This has already been suggested in bug 194862 comment 18, but I don't think a bug was filed.
Instead of Cancel, maybe one of [Cancel Sending] or [Edit Again] or [Return to editing] would be more adequate ?
That's a good point. Definately more clear than just "Cancel," especially if the text changes ("You may also cancel and return to the Composer window...").
Taking. In bug 194862 comment #24, Birkir wrote he need a thirds option (send as is), but I think that's kinda dangerous. What do others think of a third option? His specific problem seems to be caused by the fact that 'his' (or Windows's) notion of Shift_JIS is different from Mozilla's notion of Shift_JIS. Probably, Windows' Shift_JIS includes some 'extension' (Windows31J ?). Birkir, can you upload a plain text file that you think is in Shift_JIS but Mozilla believes is not in Shift_JIS?
Assignee: smontagu → jshin
Keywords: intl
(In reply to comment #4) Actually I get the error just by inputting simple text in the body, or if my identity has some japanese characters then I don't need to input any text. (Just enter a TO address and click send, and the message pops up). You can probably reproduce the error by pasting in this text: "ビルキルはメール送りた い!". I also tried different character sets like ISO-2022 and Big5, which should also contain the characters in question although perhaps at different code points.
The text didn't come through, so I will try again: ビルキルはメール送りたい。 If this fails I will upload a text file.
I could't reproduce your problem. Mozilla didn't complain and all the characters came through intact. I tried both Shift_JIS and ISO-2022-JP. BTW, next time you want to add a comment with non-ASCII characters to bugzilla, please, set your character encoding to UTF-8 before posting.
Status: NEW → ASSIGNED
(In reply to comment #7) That's very peculiar. For the life of me I can not send anything with these characters. I can send out a mail in ISO-8859 containing non English characters. Perhaps it's a platform or locale issue. I will try this again on a non japanese version of windows and/or by changing the system codepage.
(In reply to comment #8) > For the life of me I can not send anything with these > characters. That's very odd. If it had occurred to others, it'd have been reported numerous times here and Mozilla-JP's bugzilla. > characters. Perhaps it's a platform or locale issue. I will try this Mozilla's character encoding converters are self-contained and are independent of platform and locale. Kat, is there any character in comment #6 that you think could be problematic depending on what 'definition' of Shift_JIS we use?

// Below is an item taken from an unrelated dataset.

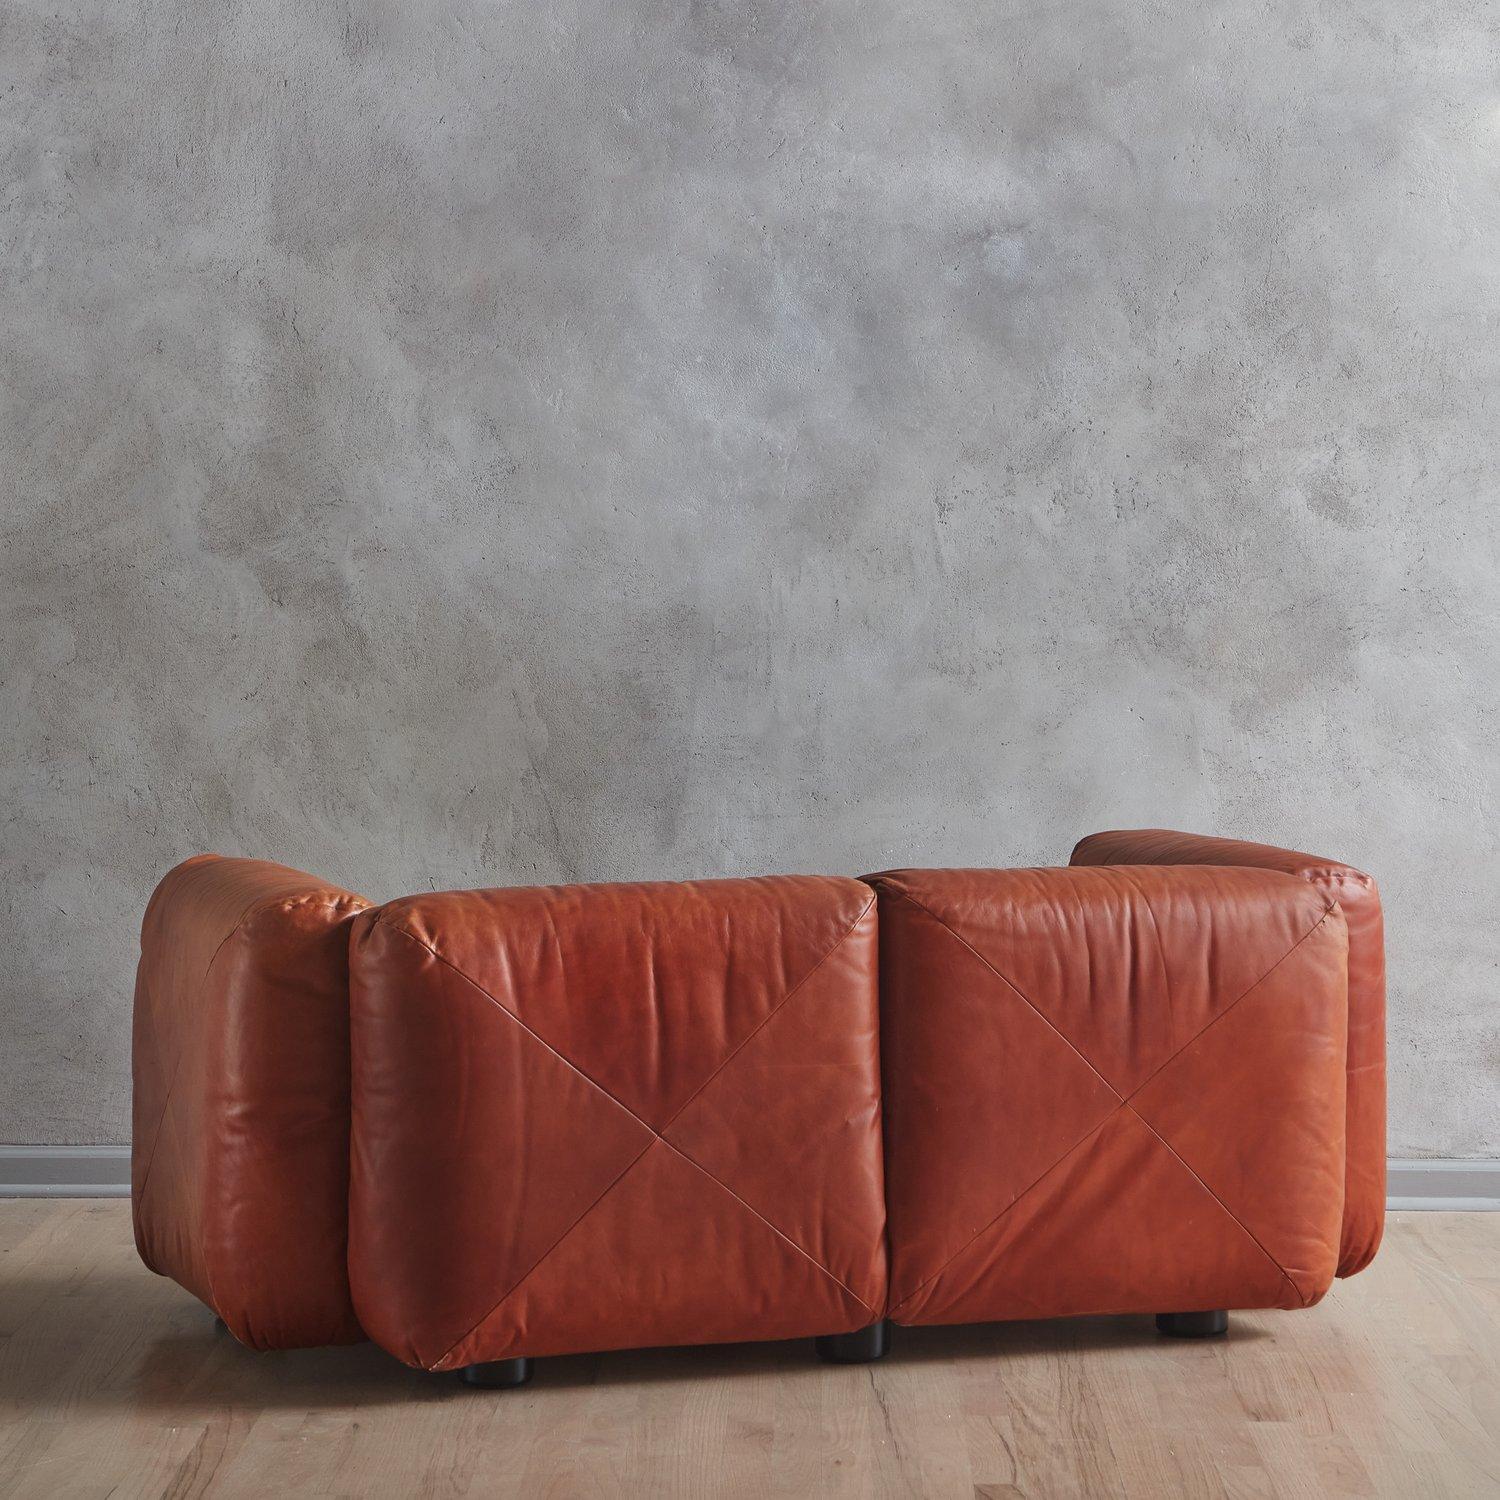 Marenco Sofa in Original Cognac Leather by Mario Marenco for Arflex, Italy 1970s For Sale 2

I made a patch using nsIPromptService->ConfirmEx. The 'prompt dialog' can have up to three buttons of which I'm using two buttons. The first button is 'Send in UTF-8'. I'm wondering what others would like see in the second button. Jean-Marc has a few candidates. His third option is clearest, but it's a bit too long for a button.

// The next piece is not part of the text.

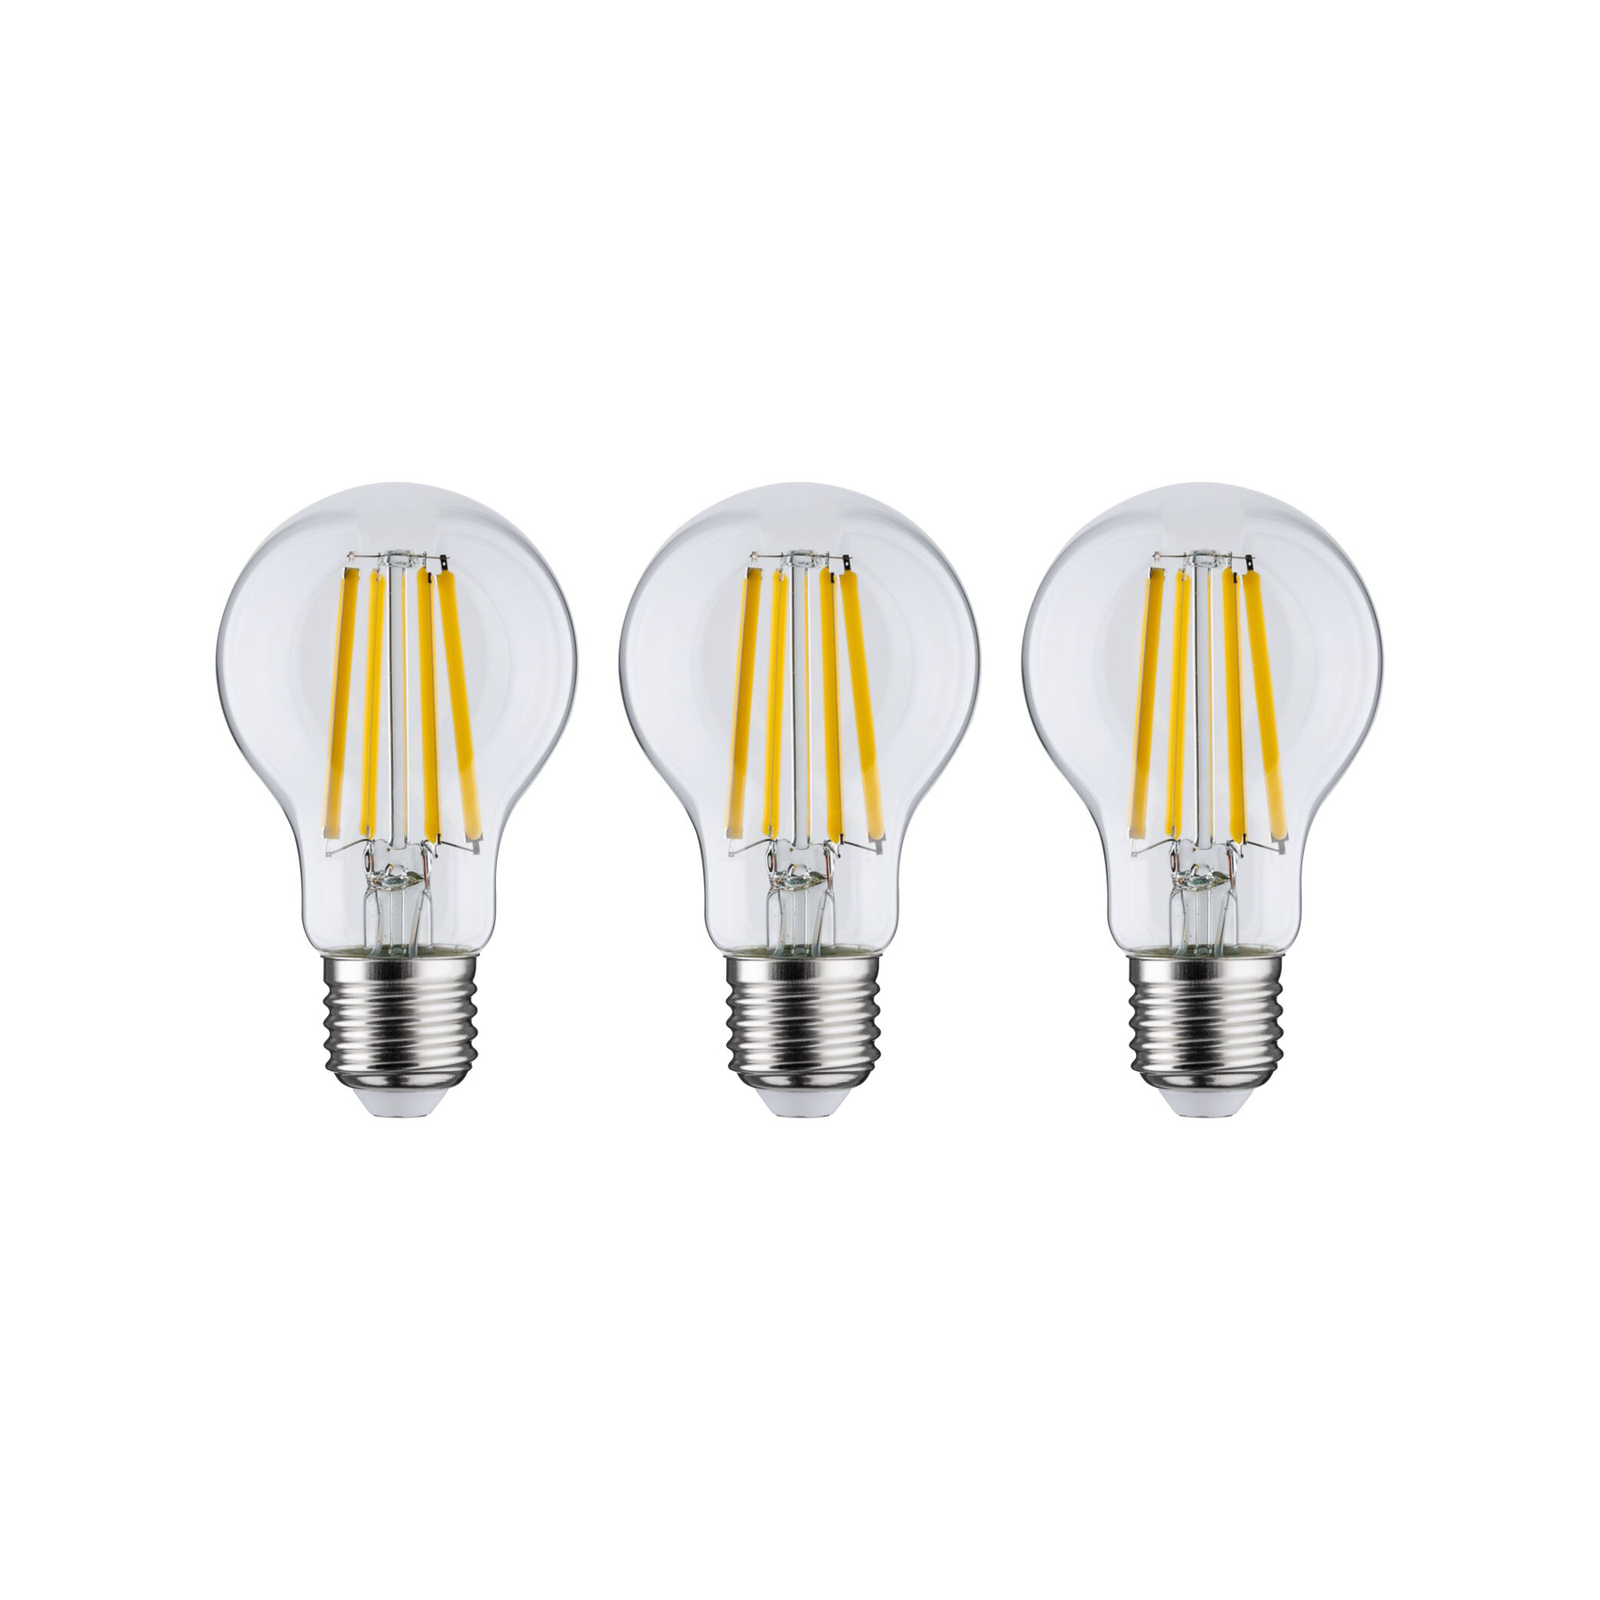 Paulmann Eco-Line LED bulb E27 4W 840lm 3000K 3x

Severity: trivial → enhancement
OS: Windows 2000 → All
Hardware: PC → All
(In reply to comment #9) Ok, I did some fiddling and found the cause although I not sure of the actual culprit. It seems that some non japanese character (a control character or something that did not appear in the text box itself) crept into the name or company descriptions for the account identity. I cleared all the boxes and type the whole thing again and then I could send out messages normally. However, I think this illustrates the need for a third option. In certain cases users can be expected to have to send a mail using an encoding which conflict with their names or other identity information. In such cases it might be relatively harmless to send out the mail with some scrambled characters rather than requiring the user to hunt down the offending character and change the identity information (which might be quite difficult). For example, my organization name could be written in japanese with my name in normal latin characters. But if I want to send a mail using ISO-8859-1, I would have to temporarily remove the organization name in order for Thunderbird to allow me to send the mail in question using the character set of my choice. As I experienced, finding the offending character can be difficult, for example in a name written on a japanese keyboard a wide space (present in many asian languagues) might be present in the string without it being readily apparent to the eye. For comparison, Outlook Express offers the following options under the same circumstances: Send as Unicode. Send as is. Cancel. I would suggest this as a viable alternitive. Are there cases where attempting to encode characters not present in a specific set can cause unpredictable behaviour? If so how is this generally handled (in programs such as OE)? As it stands I think this is a case where the program might be behaving in a way frustrating to the user. As for the actual labels, I think Send as Unicode, or Send in UTF-8 or both good, with perhaps the later being more accurate while the former might be more user friendly. Cancel as cancel is good.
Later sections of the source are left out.